REQUIRED WORK:
While leaving the pictures out, set down only the lines from the one with "Shop Women's Blue" through the end of the records, exactly as they stand.
*** Begin section ***
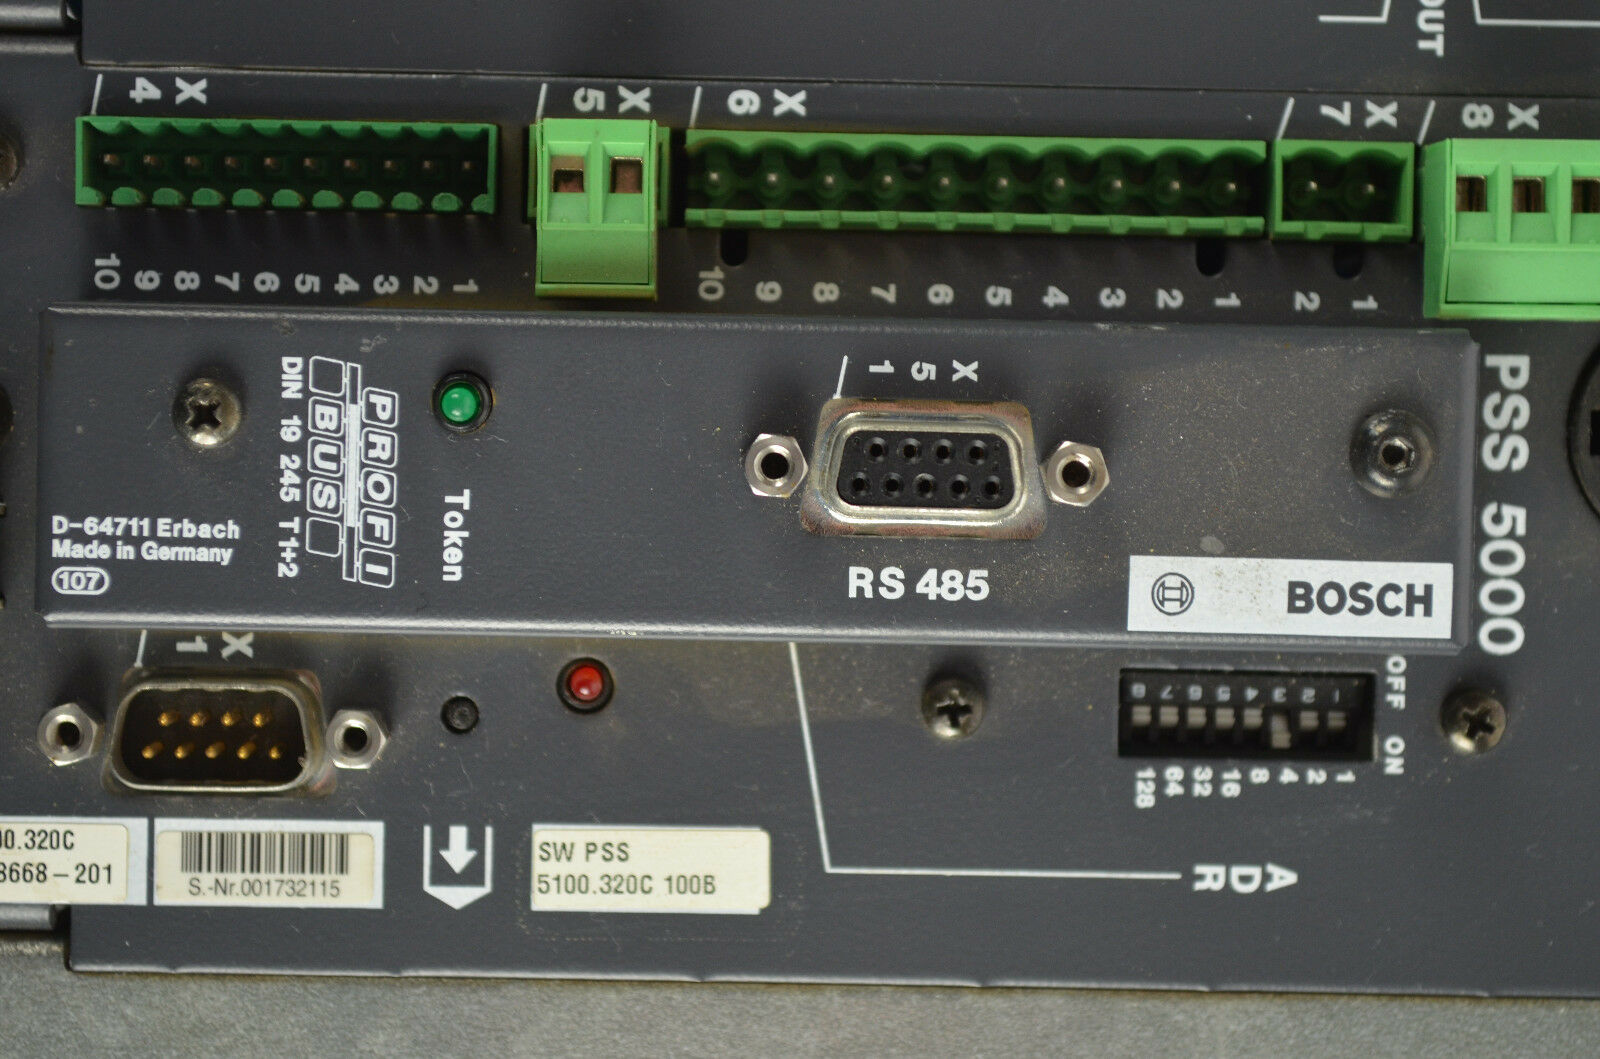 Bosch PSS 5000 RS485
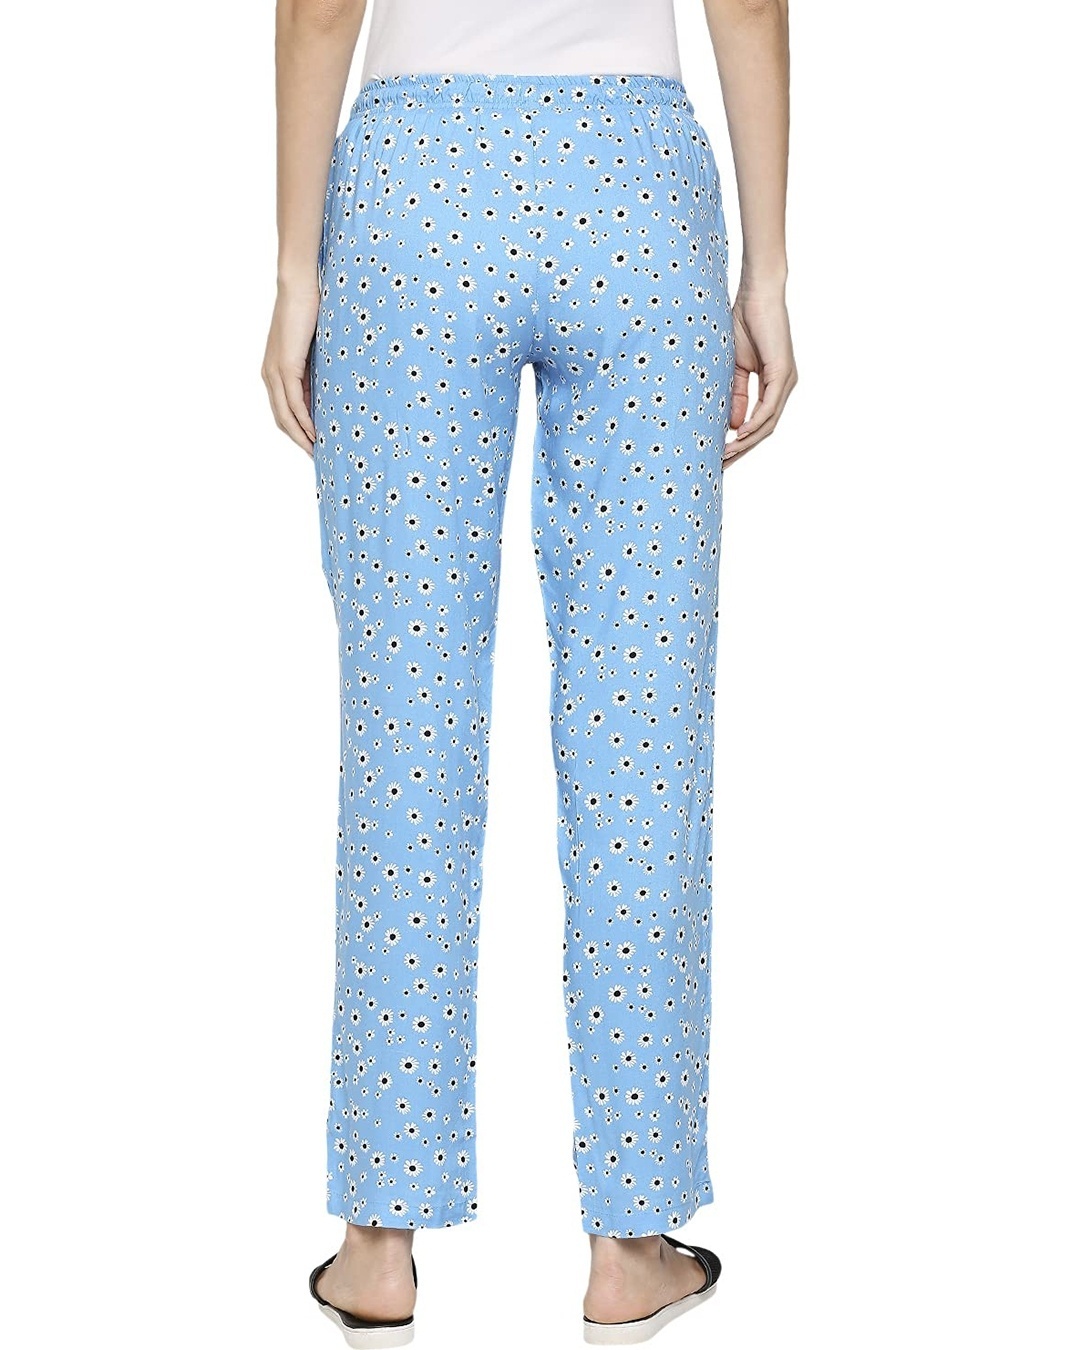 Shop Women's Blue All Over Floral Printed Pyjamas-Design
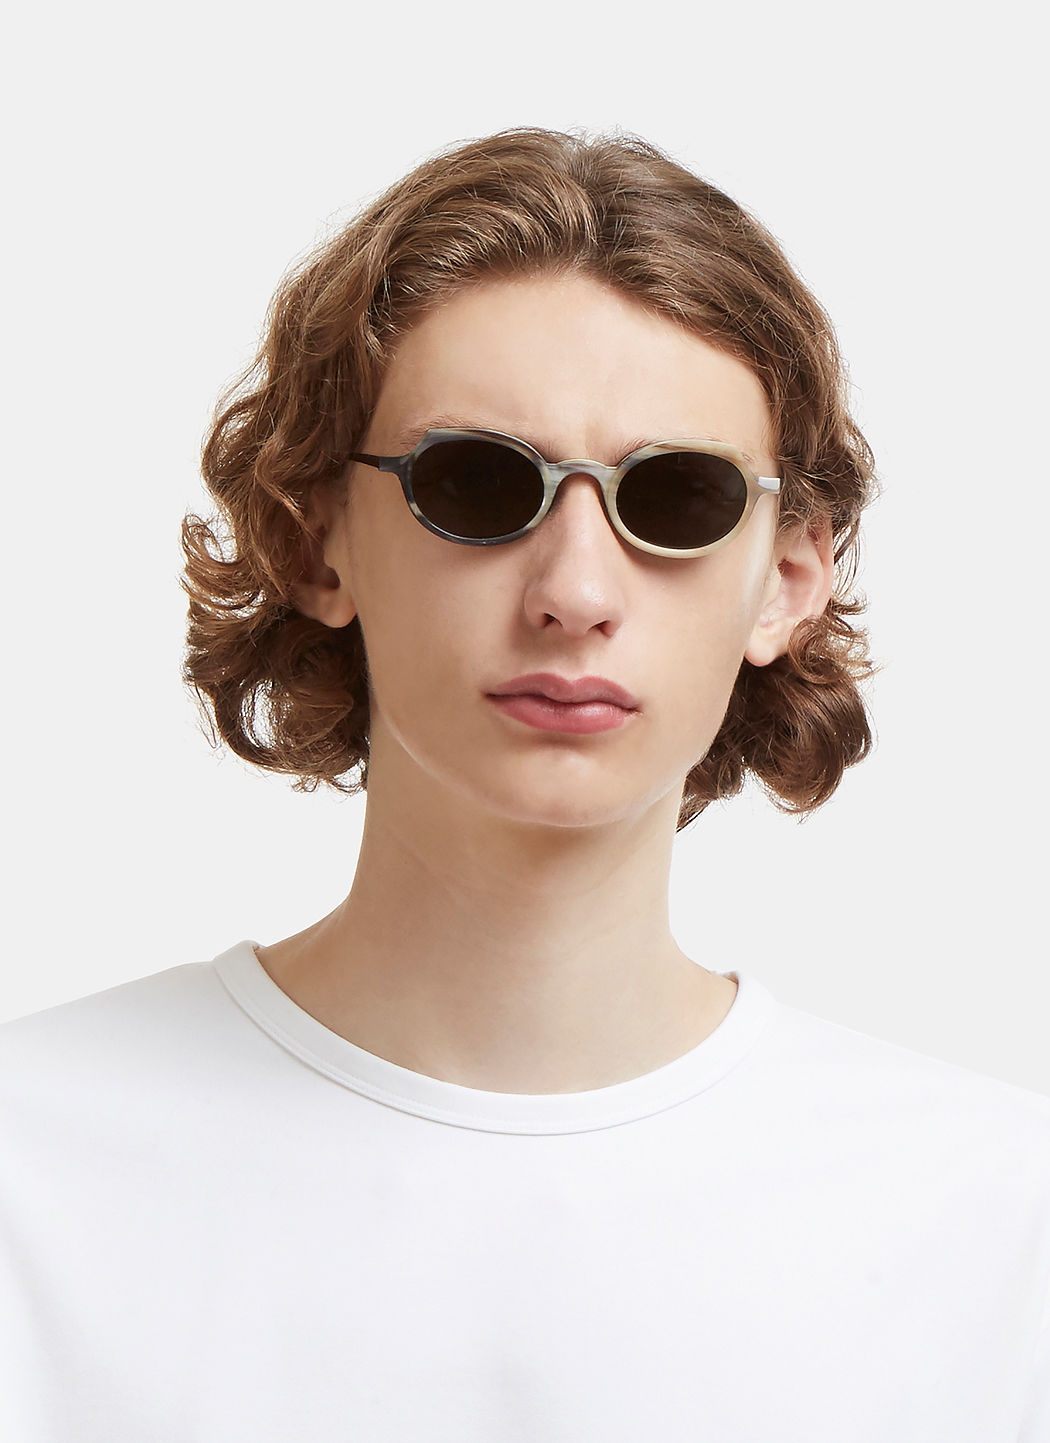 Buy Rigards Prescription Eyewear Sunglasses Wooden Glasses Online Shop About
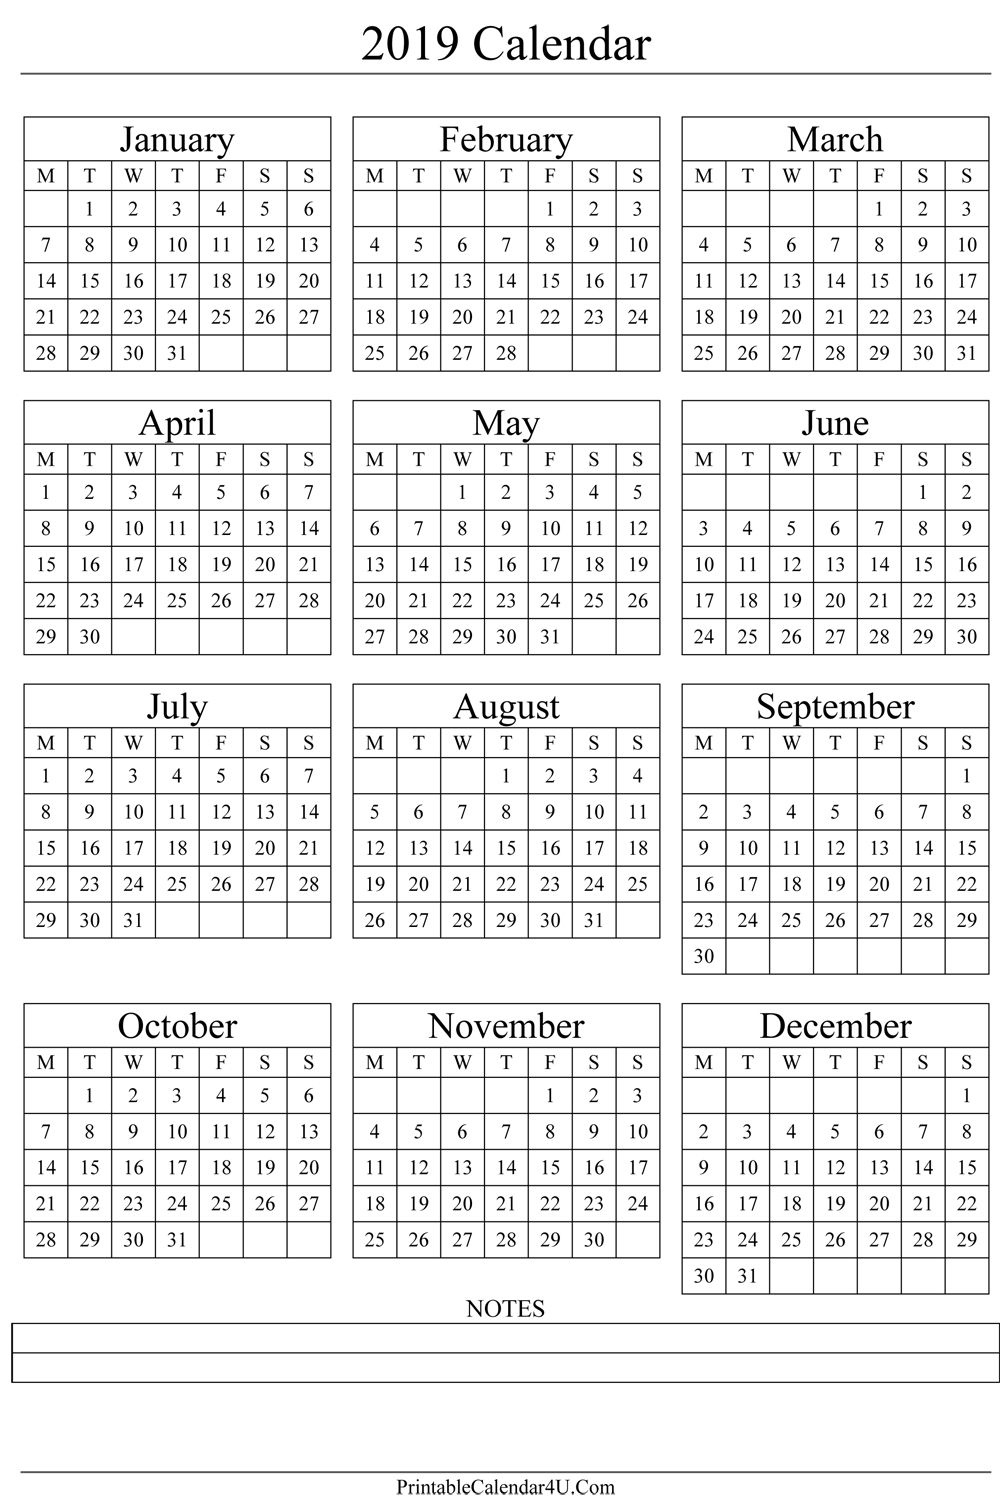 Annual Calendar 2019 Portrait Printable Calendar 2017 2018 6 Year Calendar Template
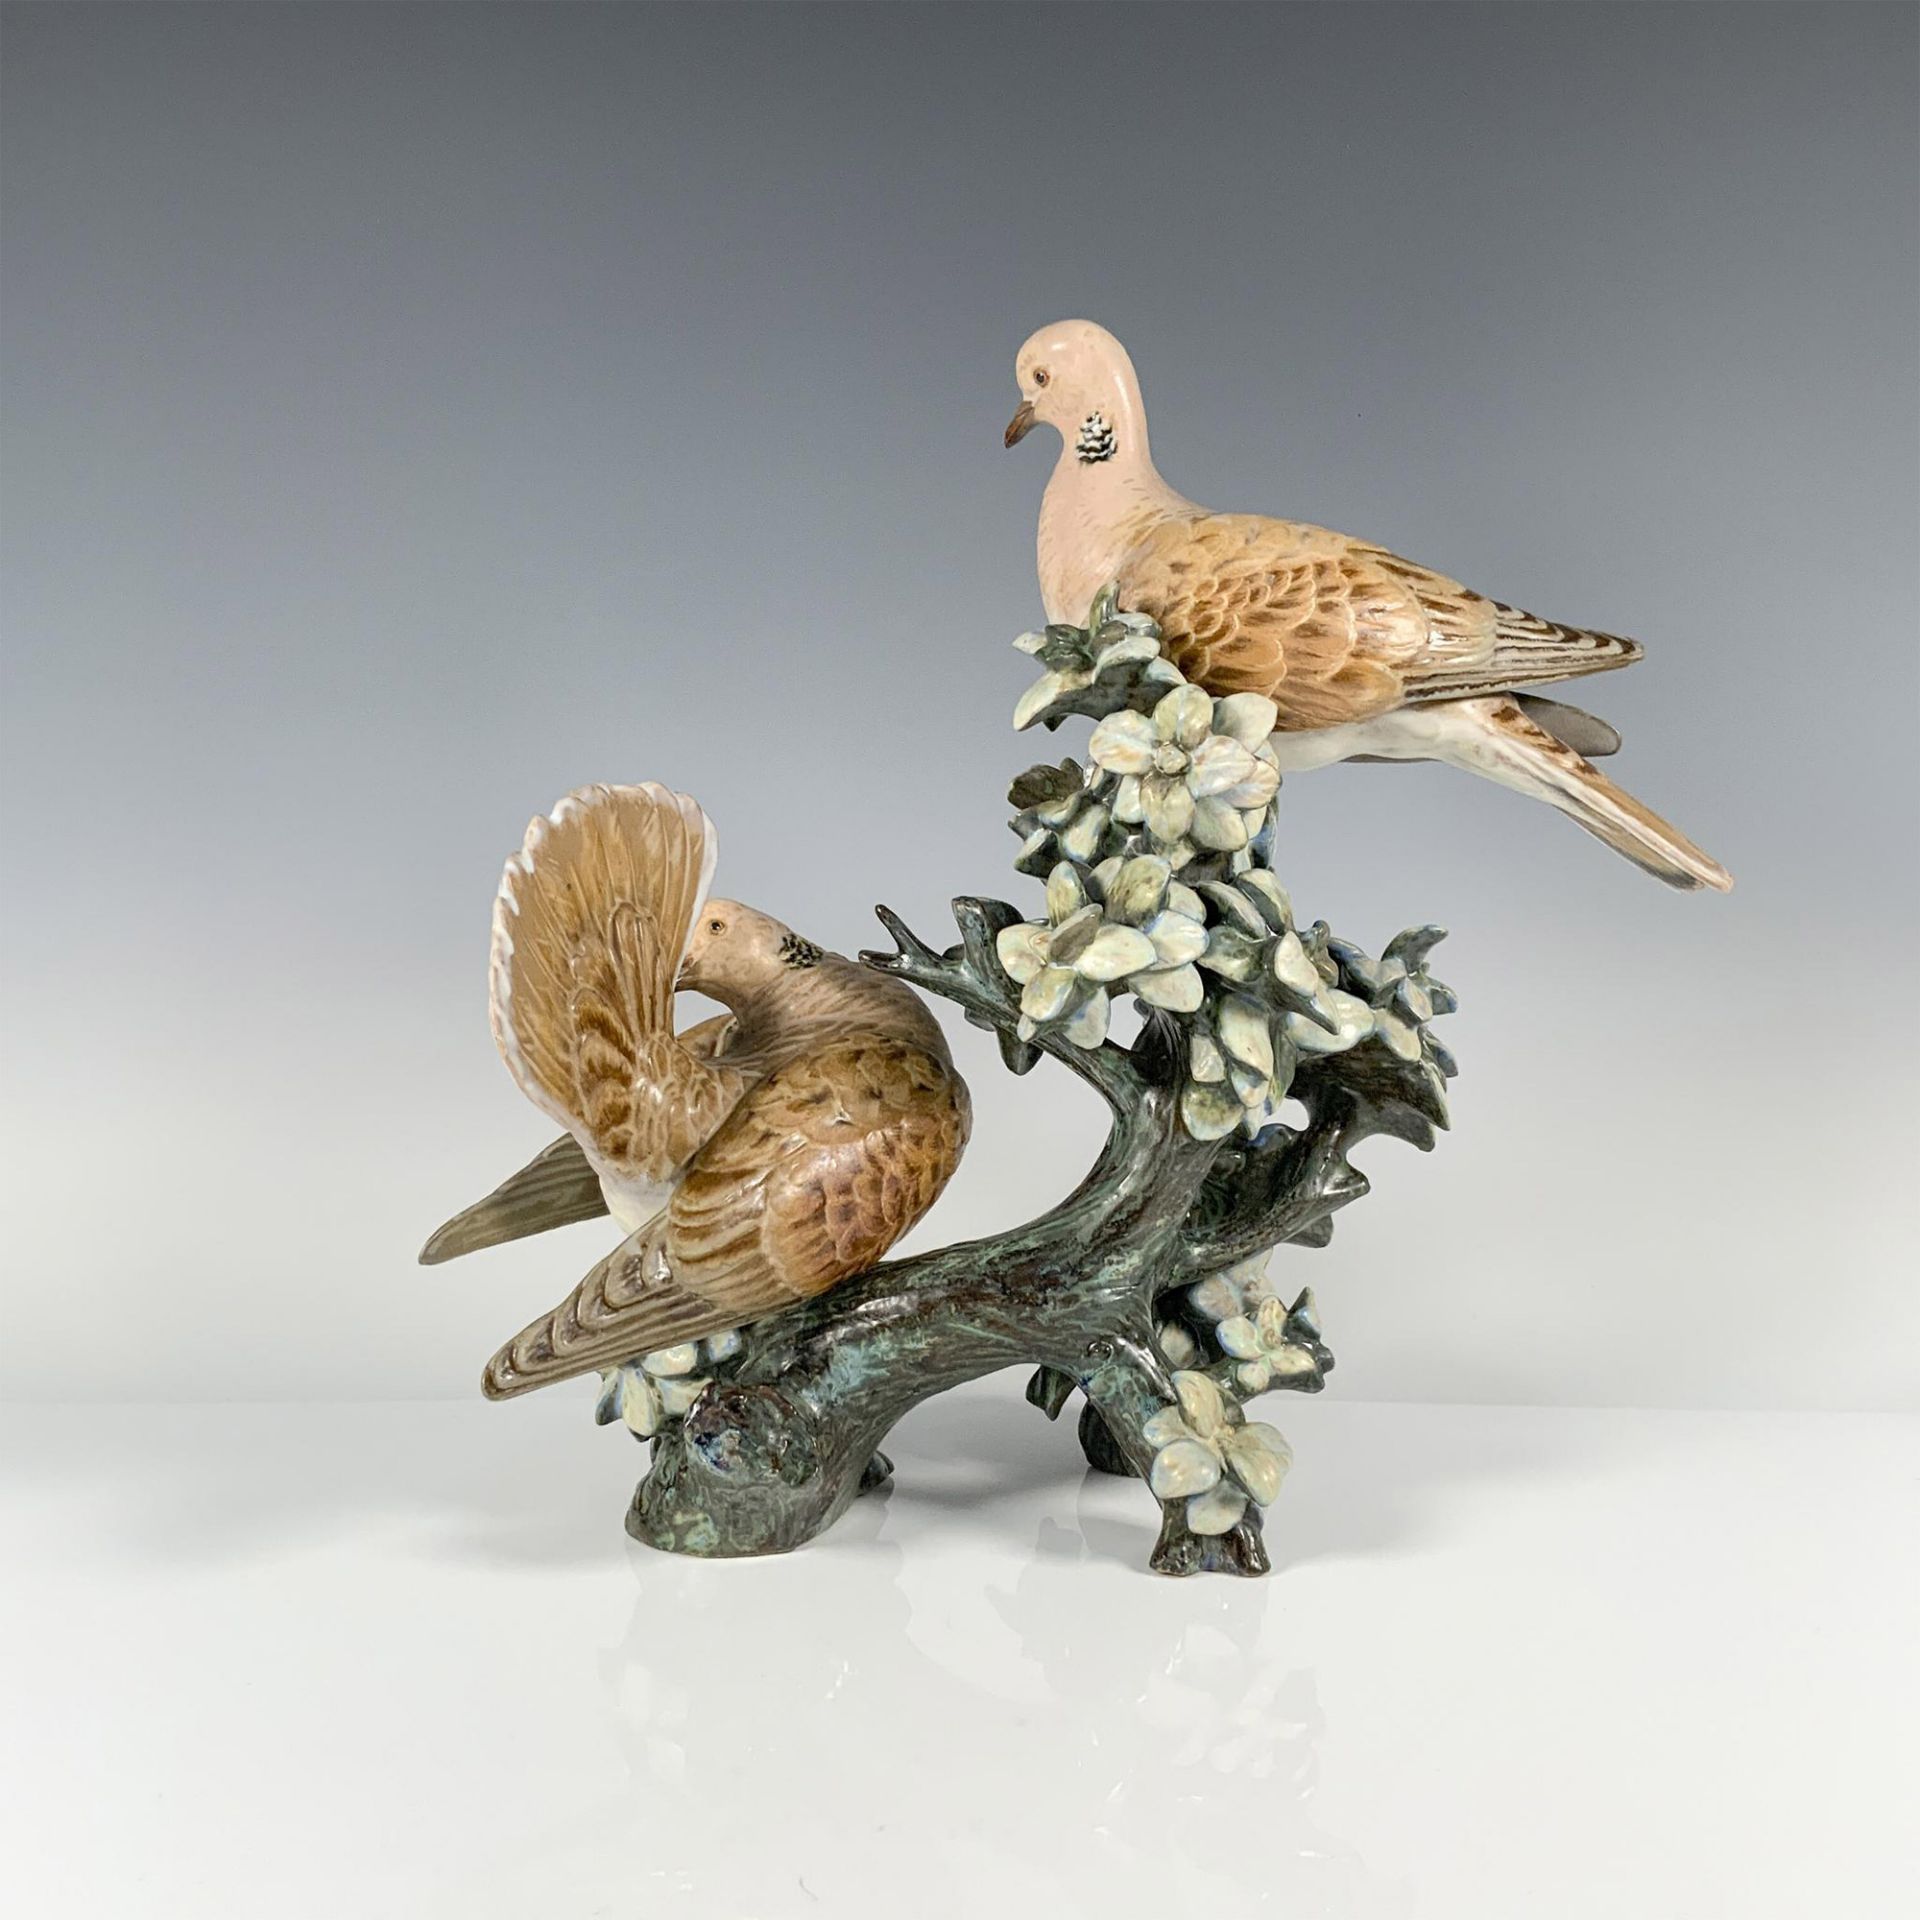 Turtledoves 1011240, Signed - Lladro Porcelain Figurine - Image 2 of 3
*** End section ***
RESULT OF THE TASK:
 Shop Women's Blue All Over Floral Printed Pyjamas-Design
 Buy Rigards Prescription Eyewear Sunglasses Wooden Glasses Online Shop About
 Annual Calendar 2019 Portrait Printable Calendar 2017 2018 6 Year Calendar Template
 Turtledoves 1011240, Signed - Lladro Porcelain Figurine - Image 2 of 3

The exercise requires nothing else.